Provided material:
───

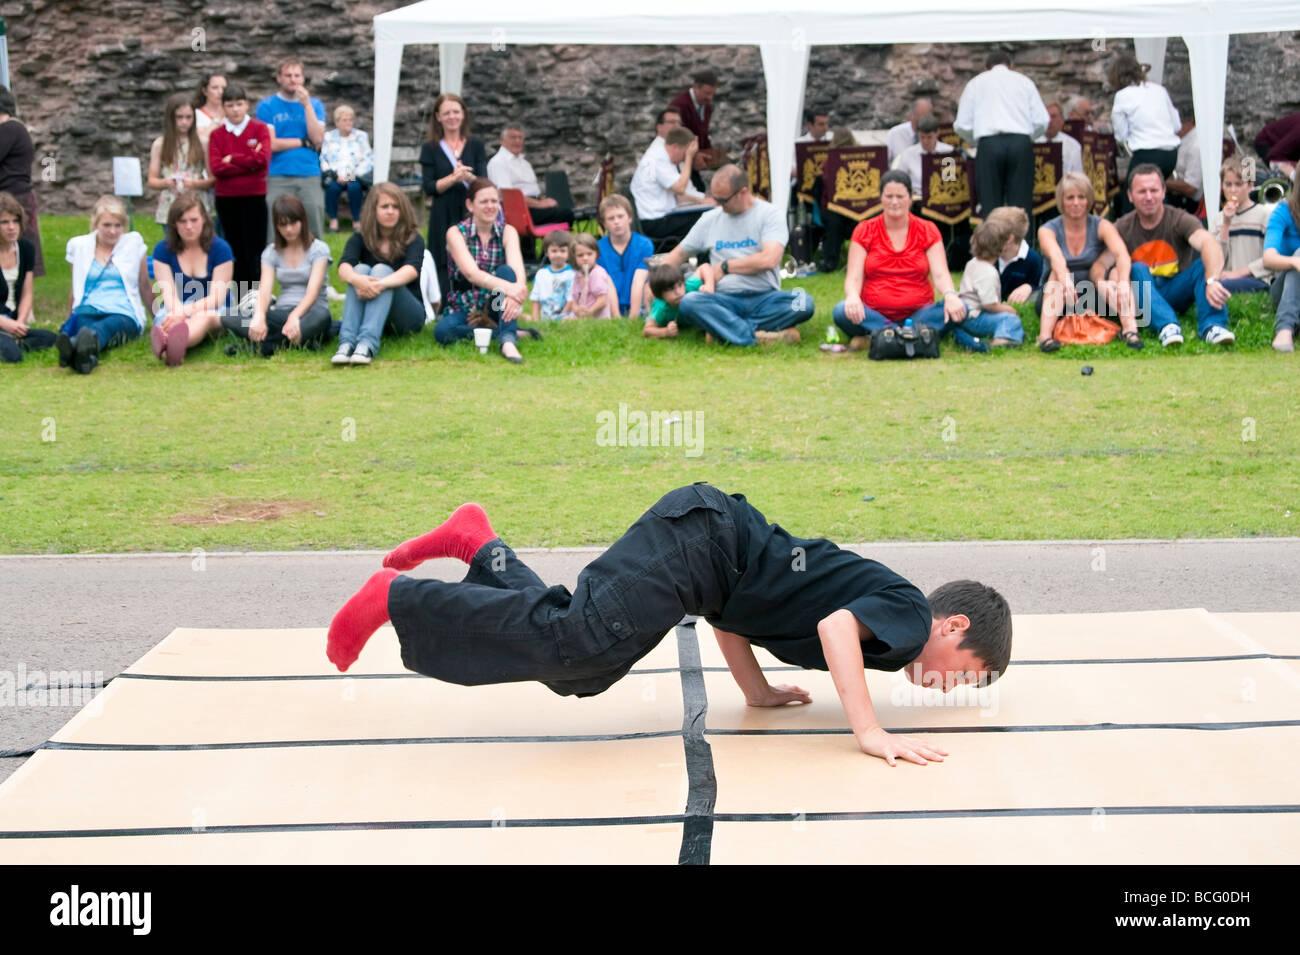 Boy break dancing at Skenfrith fun day. Street dancer divertissant la foule. Jeux et divertissement à fête Photo Stock
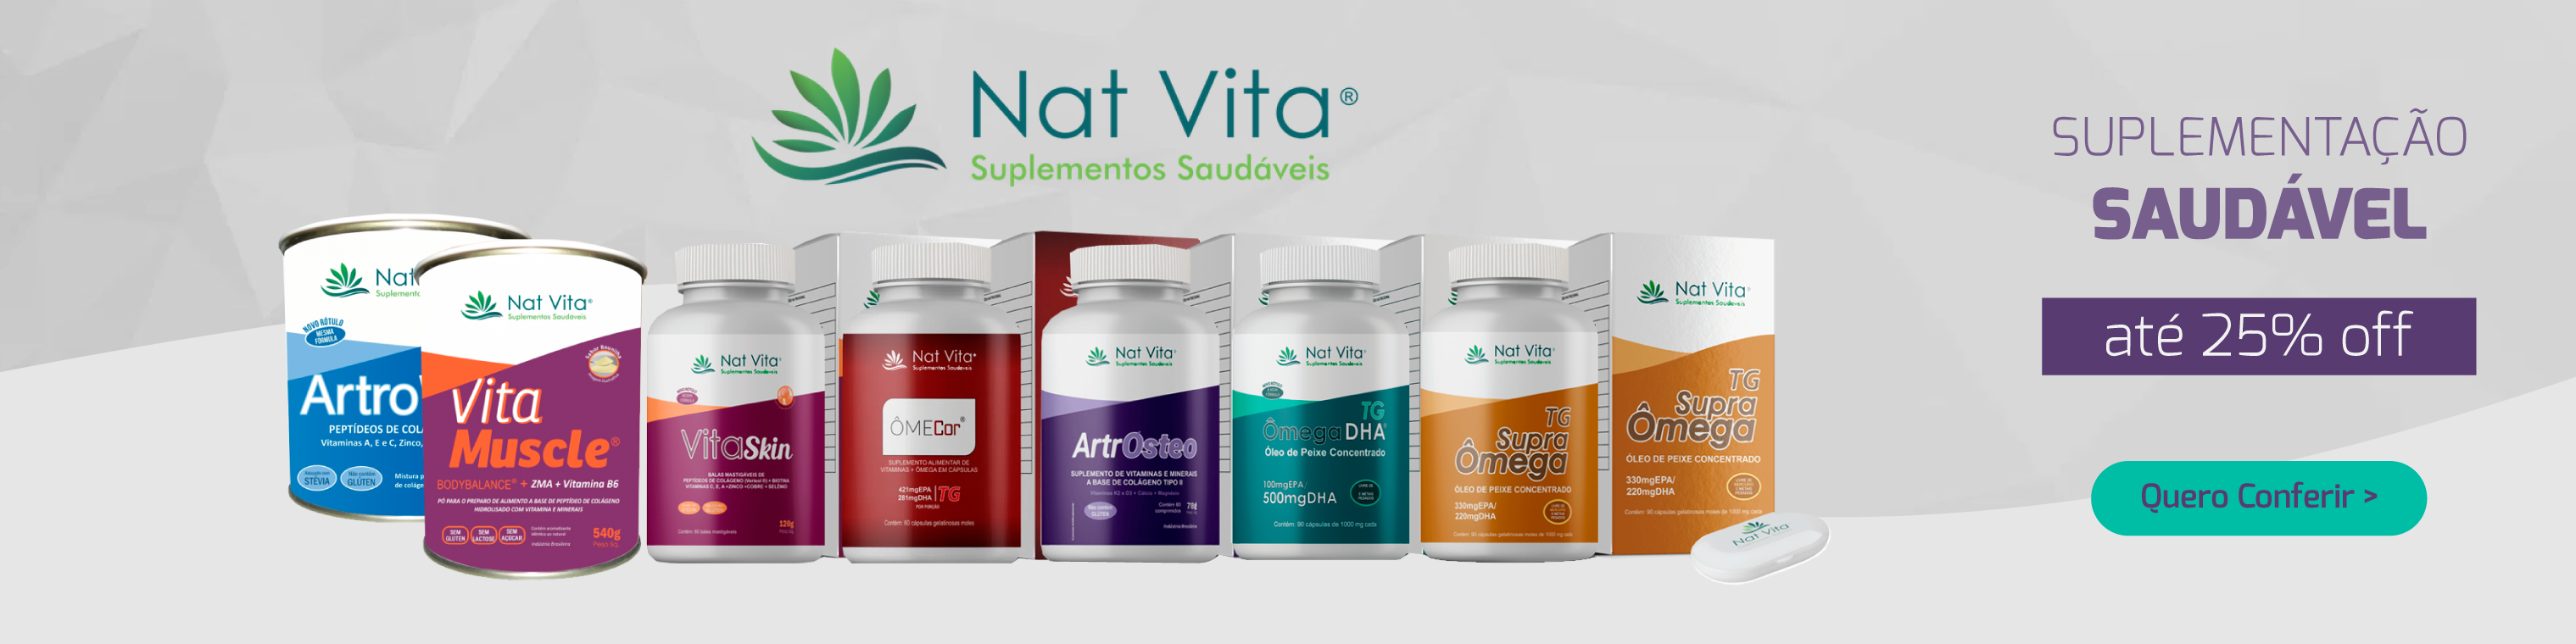 Nat Vita
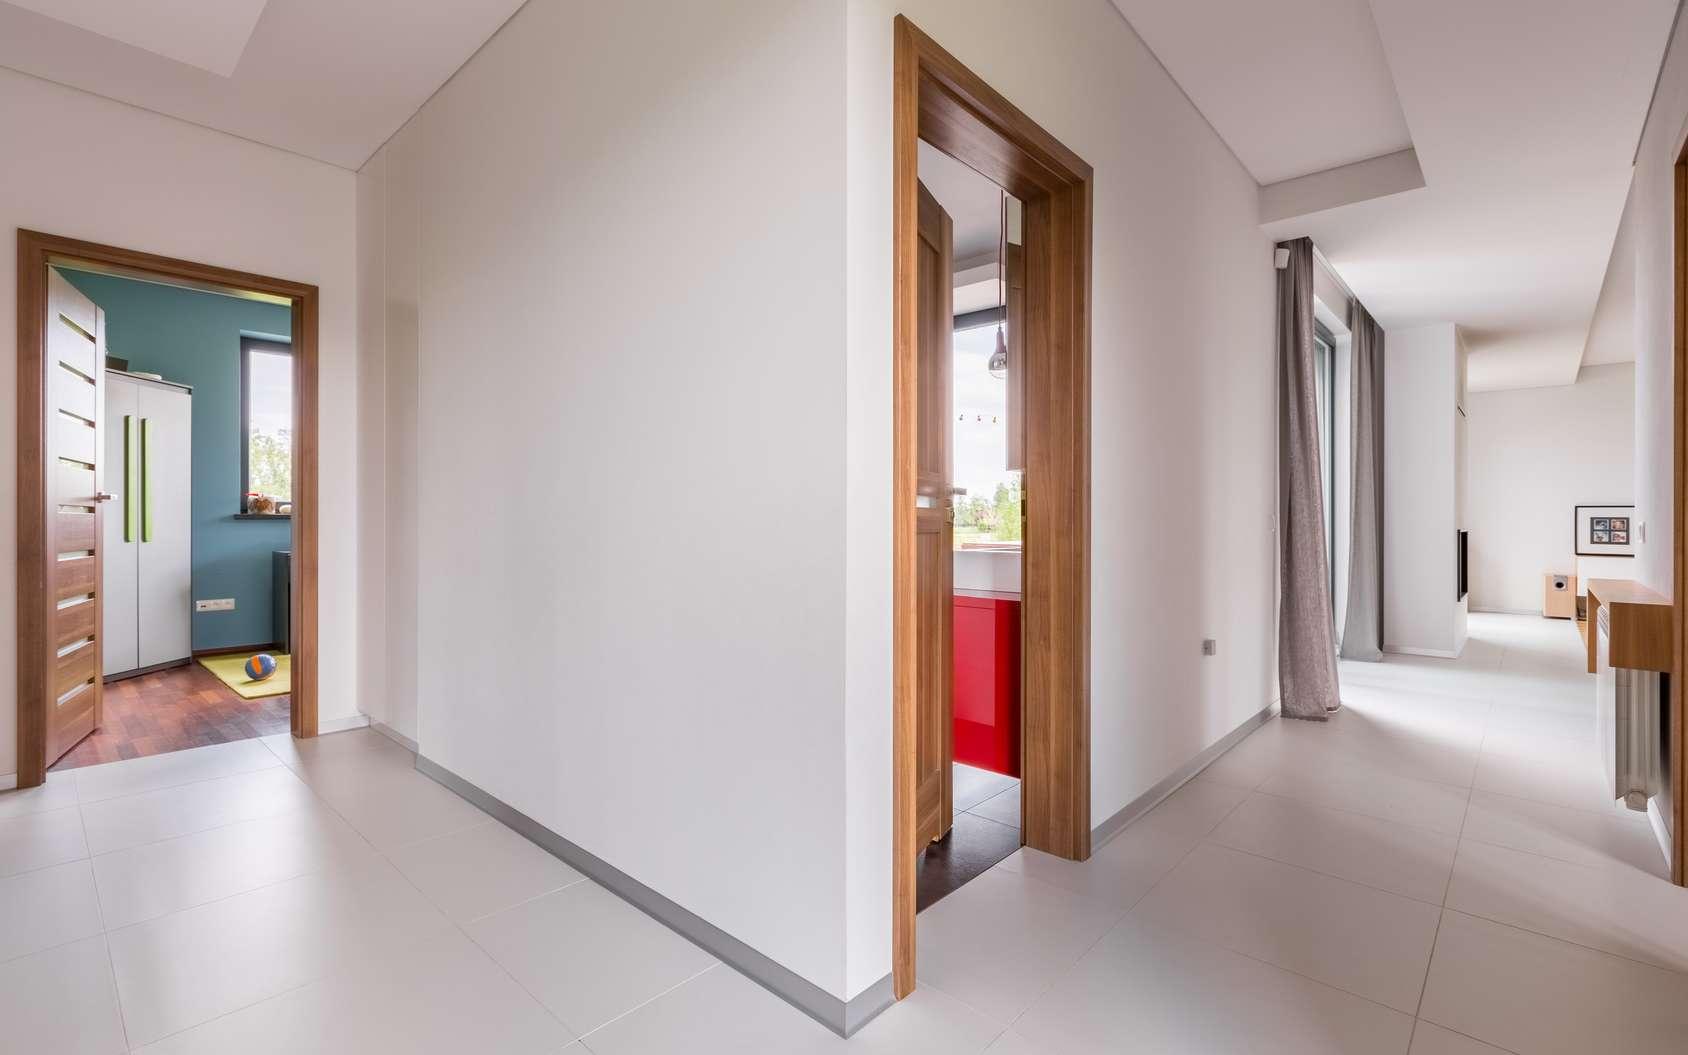 Un bloc porte acoustique, du confort dans la maison ! © Fotolia
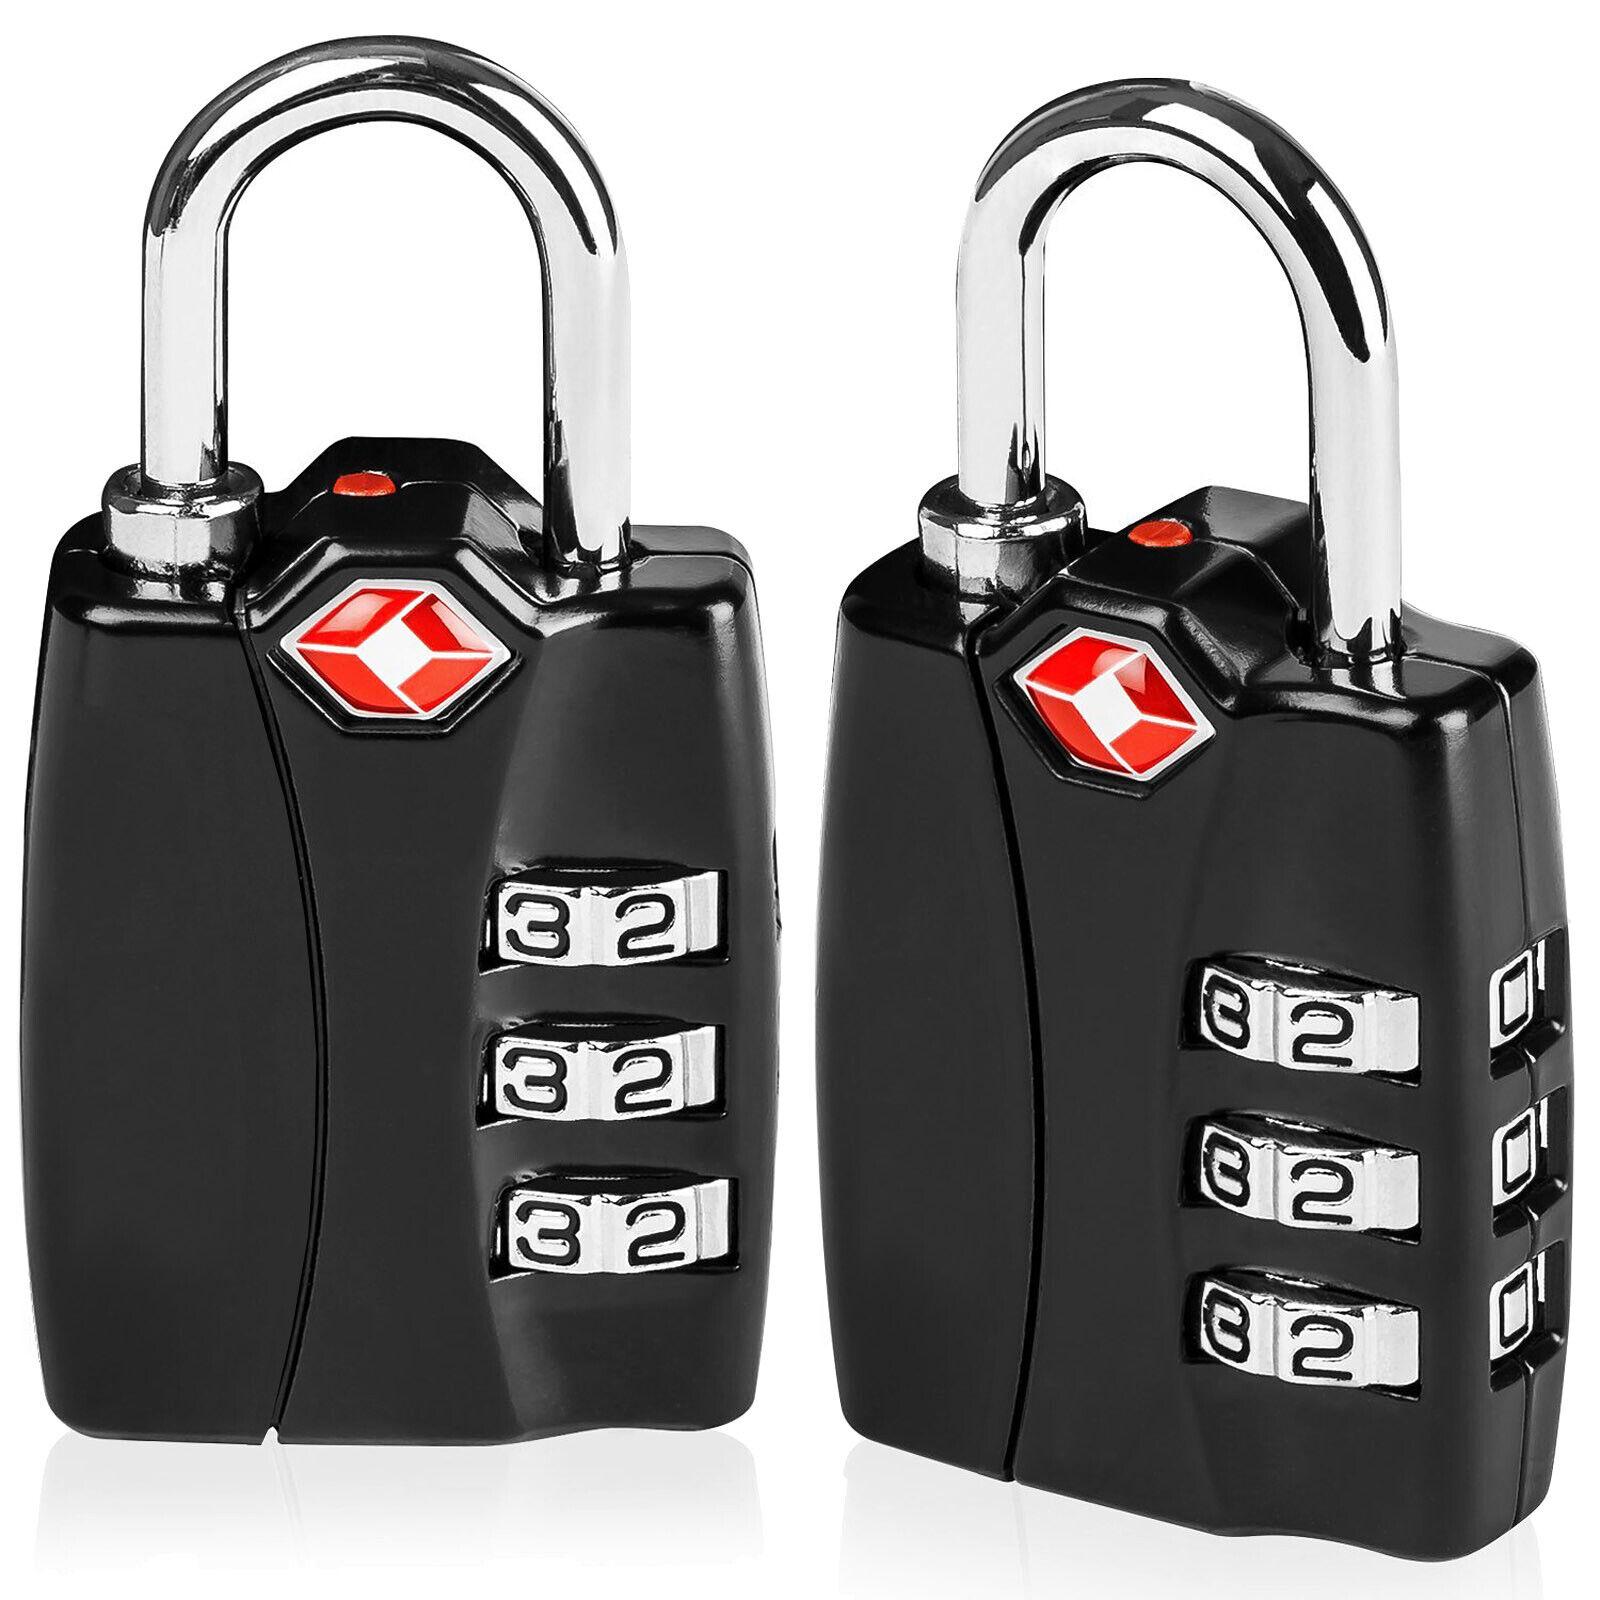 TSA Luggage Locks 3 Digit Combination Steel Padlocks Travel Lock Suitcases Bag - $10.44

───

Work instructions: Would you retype the material exactly, omitting each picture?

Expected answer:
 Boy break dancing at Skenfrith fun day. Street dancer divertissant la foule. Jeux et divertissement à fête Photo Stock
 Nat Vita
 Un bloc porte acoustique, du confort dans la maison ! © Fotolia
 TSA Luggage Locks 3 Digit Combination Steel Padlocks Travel Lock Suitcases Bag - $10.44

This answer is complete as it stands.